[Linux-cachefs] Re: Using latest code

Tue Nov 18 19:16:53 UTC 2008

David,

> If you have a current copy of Linus's tree you can use as a reference to
> create a GIT repository off of, say /foo, then you can do:
>
>	git clone -l -s --reference /foo /foo /my/fscache/tree
>
> If not, then do this:
>
>	git clone git://git.kernel.org/pub/scm/linux/kernel/git/torvalds/linux-2.6.git /my/fscache/tree
>
> Then when you've created a tree to play with, do:
>
>	cd /my/fscache/tree
>	git reset --hard <commit-id>
>
> That'll wind the GIT tree back to where you want it to be.

Thank you - this is exactly what I was looking for. I'm just getting the hang of git and I just couldn't find any clues to the the "reset --hard" bit!

>> Any chance you could provide some foolproof instructions for getting the
>> latest fscache code working?

> Well, I'm just trying to fix a bug in it, and then I'll release a bunch of
> patches that are built on top of James Morris's security tree next branch.  To
> get that, do:
>
>	git clone git://git.kernel.org/pub/scm/linux/kernel/git/dhowells/security-testing-2.6-next.git /my/fscache/tree
>
> You'll need this to get the current credentials code that CacheFiles requires
> for working around security.

I'll check it out - thanks.

>> It is a pity this code is not kept up to date in the EL5 kernel.

> The stuff in the RHEL-5 kernel is somewhat out of date, and requires kABI
> changes to be brought up to date.

I'd happily compile my own kernel and disable kabi if I could get the latest and greatest FS-Cache code into an RHEL5 image easily. So many userspace things break going from 2.6.18 -> 2.6.27. I'll have to use Fedora9 as a server or something.

>> Also is it normal to have the cachefilesd process chew 100% for long periods
>> of time? A quick strace suggests it is doing a lot of "culls" but the
>> filesystem is never near full enough for that to trigger.

> Is it culling things?  Or is it building up its cull table?  I suspect it's
> probably the latter.  Currently it does a tree scan of the cache's directory
> structure.  This has proven to be very slow and very CPU intensive.  What it
> requires is a couple of indices adding to the mix, but that leads to
> consistency issues over power failure:-/

To be honest I think it was mainly due to a slow disk I was using for testing. I am now using a RAID and the process now seems to be a lot better behaved. It does from time to time use up 100% of the CPU but now it lasts a few seconds instead of hours.

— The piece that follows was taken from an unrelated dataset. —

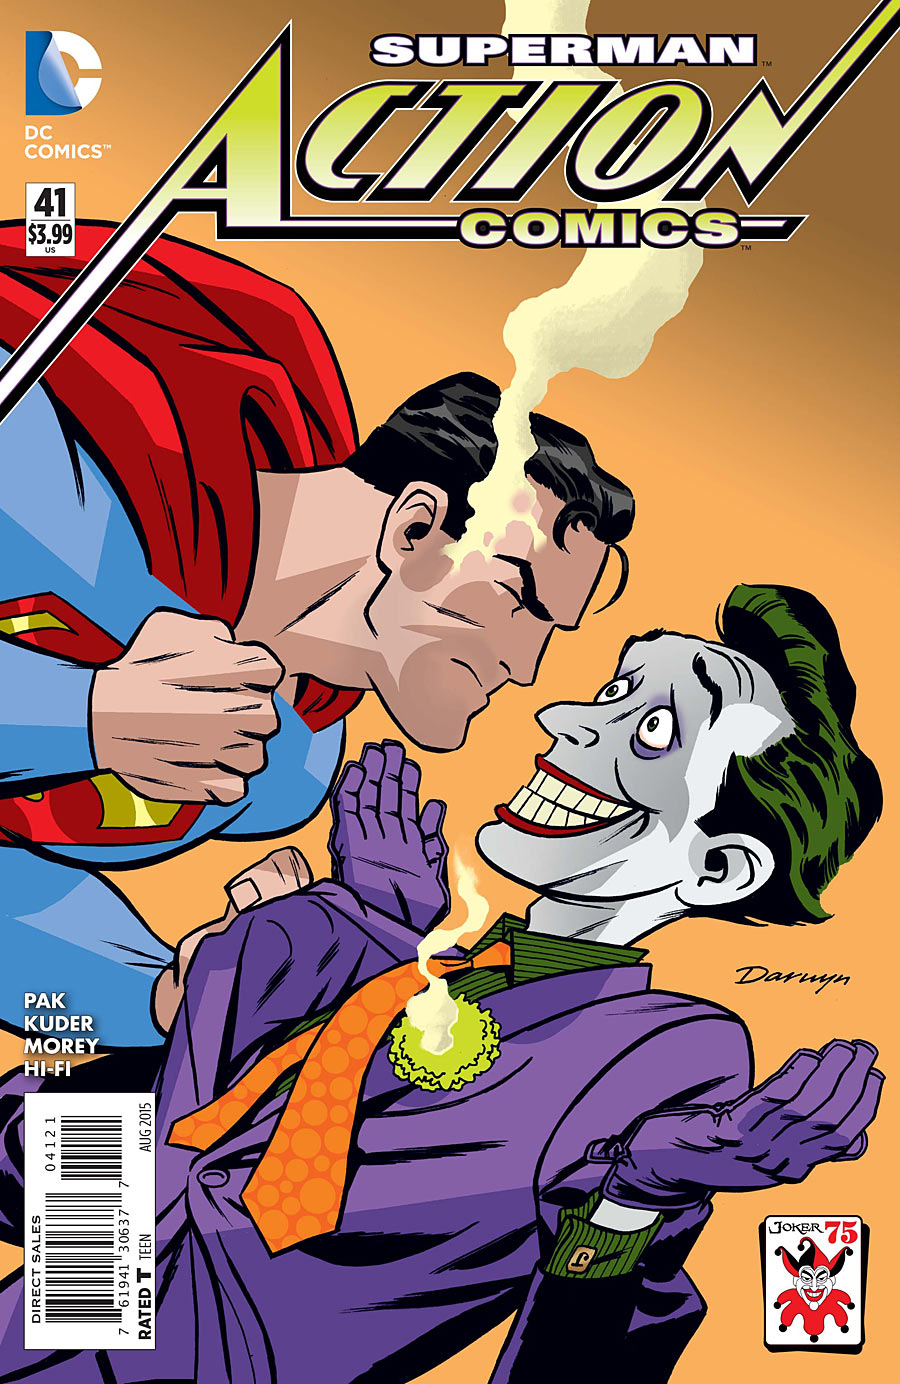 Action Comics Vol 2 41 Joker Variant.jpg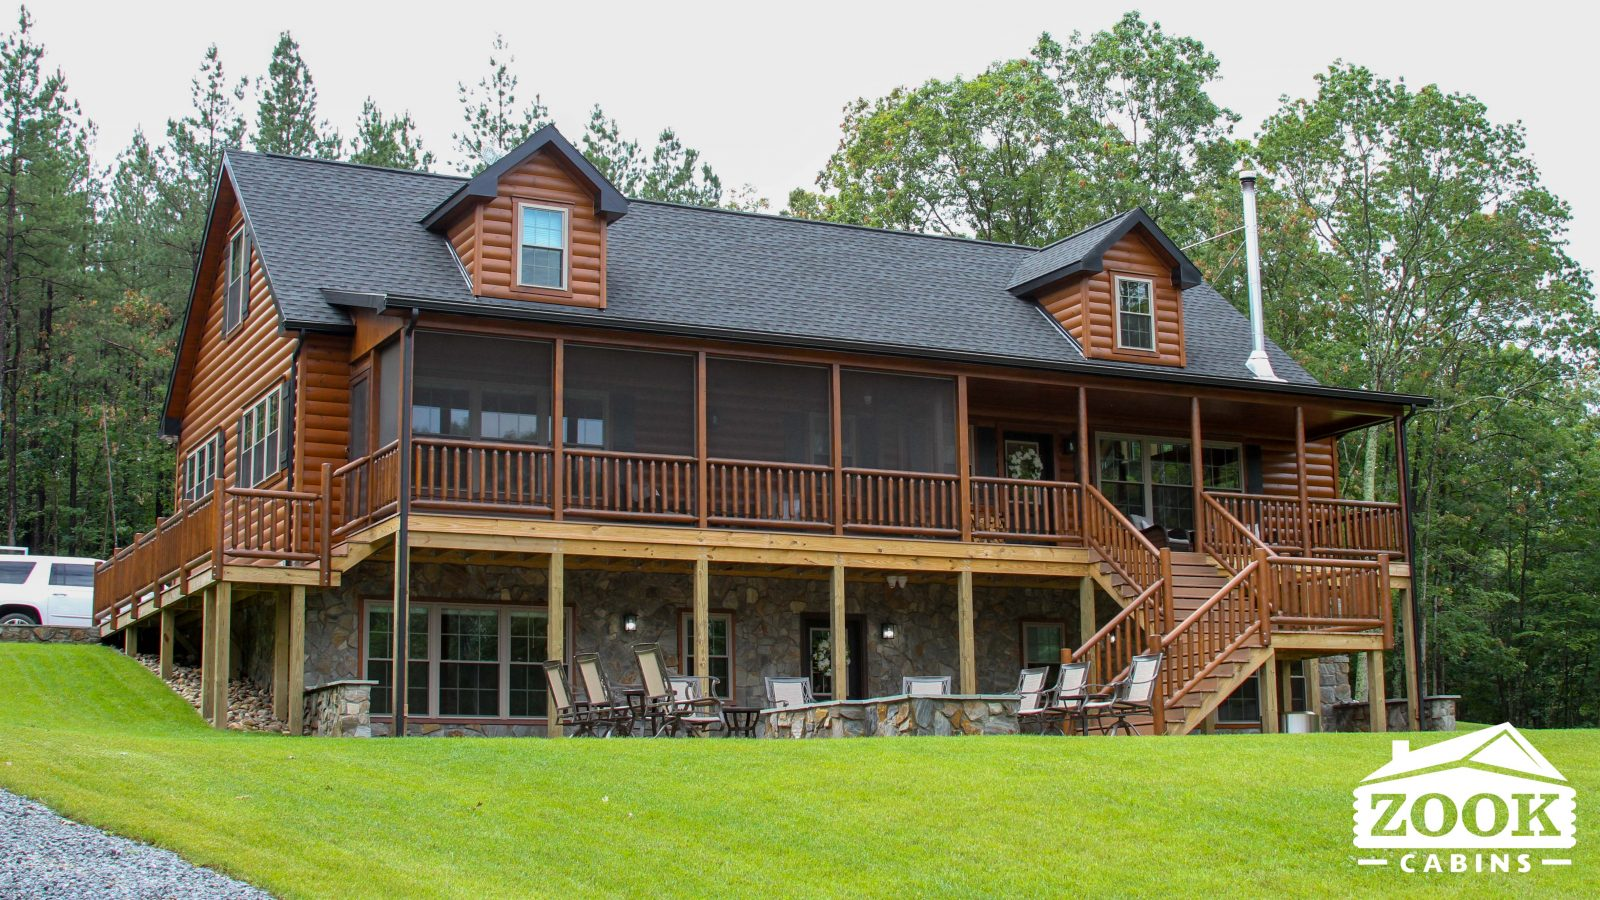 Modular log cabin in virginia that you will love

> When you say 'nfscache' do you mean 'NFS with FS-Cache', or do you mean
> something else entirely?

Yes. Apologies - this feature has been called many things in the past and I still get confused between them all. What I was interested in doing was to mount an NFS export on a server across a slow WAN link to a remote office. This server would then export the NFS mount via Samba to the 20 or so local office workers. Basically a homemade version of one of these (or similar):

  http://www.gear6.com/cachefx

If we could "prime" the remote cache overnight this would be much nicer than our current method of replicating data everyday. A write back cache (too dangerous?) could also make local writes at the remote office seem relatively quick too. We are also quite interested in doing this with Lustre so we eagerly wait for that ongoing work to be completed. Lustre is a lot less chatty over a WAN so I expect it will be far more efficient than using NFS.

Daire